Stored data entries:
################

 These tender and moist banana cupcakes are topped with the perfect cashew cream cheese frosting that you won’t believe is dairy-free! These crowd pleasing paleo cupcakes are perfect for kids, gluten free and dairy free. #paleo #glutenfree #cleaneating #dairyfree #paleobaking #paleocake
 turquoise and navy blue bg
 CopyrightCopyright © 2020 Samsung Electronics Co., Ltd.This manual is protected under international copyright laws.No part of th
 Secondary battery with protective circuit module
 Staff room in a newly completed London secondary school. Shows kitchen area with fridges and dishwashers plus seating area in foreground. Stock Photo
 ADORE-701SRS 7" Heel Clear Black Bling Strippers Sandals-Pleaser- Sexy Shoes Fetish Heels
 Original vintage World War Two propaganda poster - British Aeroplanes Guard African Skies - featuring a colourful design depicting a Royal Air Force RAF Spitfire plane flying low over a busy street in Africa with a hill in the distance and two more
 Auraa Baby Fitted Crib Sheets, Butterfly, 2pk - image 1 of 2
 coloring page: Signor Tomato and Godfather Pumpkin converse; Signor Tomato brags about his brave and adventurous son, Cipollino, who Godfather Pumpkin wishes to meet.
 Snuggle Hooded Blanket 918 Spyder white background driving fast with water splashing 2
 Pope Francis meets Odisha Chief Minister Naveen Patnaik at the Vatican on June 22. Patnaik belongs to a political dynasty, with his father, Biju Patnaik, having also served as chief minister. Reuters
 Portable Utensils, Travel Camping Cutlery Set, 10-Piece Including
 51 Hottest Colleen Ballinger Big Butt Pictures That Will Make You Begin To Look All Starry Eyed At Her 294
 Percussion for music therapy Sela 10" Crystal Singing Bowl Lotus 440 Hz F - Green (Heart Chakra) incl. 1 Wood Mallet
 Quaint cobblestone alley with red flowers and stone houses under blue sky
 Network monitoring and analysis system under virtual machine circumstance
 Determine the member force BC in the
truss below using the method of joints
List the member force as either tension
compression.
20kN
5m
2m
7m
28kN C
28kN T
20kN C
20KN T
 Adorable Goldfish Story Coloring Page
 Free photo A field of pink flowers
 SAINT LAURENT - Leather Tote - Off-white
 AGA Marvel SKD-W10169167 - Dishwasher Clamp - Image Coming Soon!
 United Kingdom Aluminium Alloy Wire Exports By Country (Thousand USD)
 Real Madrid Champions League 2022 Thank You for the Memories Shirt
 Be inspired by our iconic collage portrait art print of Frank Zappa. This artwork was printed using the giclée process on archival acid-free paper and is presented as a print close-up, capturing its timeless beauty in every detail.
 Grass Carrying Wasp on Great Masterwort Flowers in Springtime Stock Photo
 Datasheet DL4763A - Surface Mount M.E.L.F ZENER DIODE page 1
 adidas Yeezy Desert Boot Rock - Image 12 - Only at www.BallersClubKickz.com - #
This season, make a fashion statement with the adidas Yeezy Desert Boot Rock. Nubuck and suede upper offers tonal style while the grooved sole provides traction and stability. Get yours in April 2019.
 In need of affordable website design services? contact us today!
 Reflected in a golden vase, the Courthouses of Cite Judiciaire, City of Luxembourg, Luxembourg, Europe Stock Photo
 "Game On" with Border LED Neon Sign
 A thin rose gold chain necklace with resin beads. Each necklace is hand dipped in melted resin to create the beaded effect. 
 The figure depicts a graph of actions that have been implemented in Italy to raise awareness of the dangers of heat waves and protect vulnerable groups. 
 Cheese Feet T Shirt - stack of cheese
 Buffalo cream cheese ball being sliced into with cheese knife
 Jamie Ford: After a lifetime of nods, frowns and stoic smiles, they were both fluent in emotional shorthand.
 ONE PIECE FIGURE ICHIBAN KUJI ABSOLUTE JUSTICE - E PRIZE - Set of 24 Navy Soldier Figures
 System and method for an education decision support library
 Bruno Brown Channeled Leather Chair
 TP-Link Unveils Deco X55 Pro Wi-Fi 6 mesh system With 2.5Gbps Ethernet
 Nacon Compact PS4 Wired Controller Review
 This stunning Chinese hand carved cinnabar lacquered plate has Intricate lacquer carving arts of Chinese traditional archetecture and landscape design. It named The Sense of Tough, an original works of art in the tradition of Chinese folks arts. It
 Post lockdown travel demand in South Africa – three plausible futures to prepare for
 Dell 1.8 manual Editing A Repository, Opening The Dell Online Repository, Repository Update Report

################

* [Problem] Repeat exactly the lines above from the one with "United Kingdom Aluminium" up to and including the one with "Real Madrid Champions". No other line belongs in the reply.

* [Solution]
 United Kingdom Aluminium Alloy Wire Exports By Country (Thousand USD)
 Real Madrid Champions League 2022 Thank You for the Memories Shirt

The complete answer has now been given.